Hey Brother Blake!  I'm glad you're back in business.  It doesn't matter what you purchased, just that you purchased.  And, I'm willing to help you break it in.  What say ye come on down to the northwest side of Houston and give her a whirl on my grass.  

I'll keep the beverages (those that will be left) iced down and the patio fan on full blast to keep you comfortable between cutting and edging activities.  Heck, I can even turn on the sprinkle system the day before you arrive to make sure no burn damage is incurred by either your beautiful new machine or my soon to be well manacured lawn.  

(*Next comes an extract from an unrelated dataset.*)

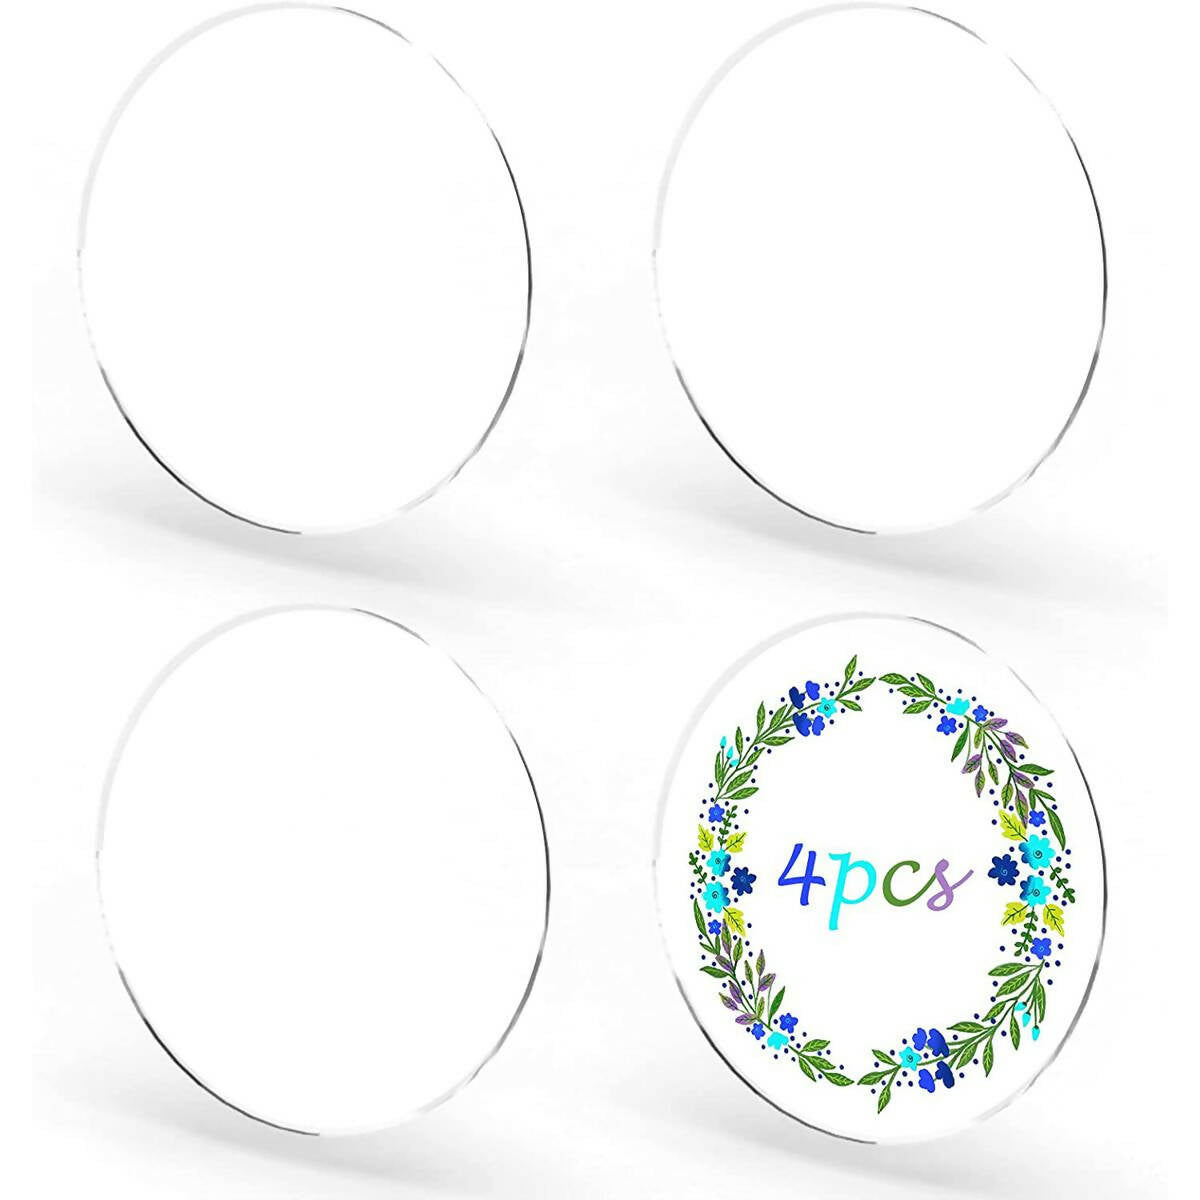 Clear Acrylic Sheet, 4 Pieces Round Acrylic Sheet 8 Inch Circle Acrylic Blanks Plastic Disc Transparent Acrylic Panel Circle Acrylic Sheets 2mm Thickness Sign for Picture Frame Painting/Calligraphy/ Glass Painting DIY Crafts

WOW!  I can't hardly wait.  Good show.


----------



## Casey (Apr 25, 2011)

Anyone else find drinking and mowing dificult.  It's like you have to chug it or u end up drinking mud.


----------



## Bill Lins (Apr 25, 2011)

Nothing to it. Bring your mower & beer by my house Saturday & I'll show you how it's done. (Don't come Sunday- I'll be at Hatley's house eatin' barbecue!)  :wink:


----------



## Blake Bowden (Apr 25, 2011)

Casey said:


> Anyone else find drinking and mowing dificult.  It's like you have to chug it or u end up drinking mud.


 





Problem solved!


----------



## jwhoff (Apr 27, 2011)

Great idea Brother Blake.  Now I don't have to leave the shade, ceiling fan, and my rocker to go out and offer the man an adult beverage to refresh himself.  I B liking this big time!

Stay close to the cooler, that's my motto.
:thumbup1:


Yo! Brother billy_lins77488, when's Hatley puttin' on the feed bag!  We get through at my house I'll be right over.


----------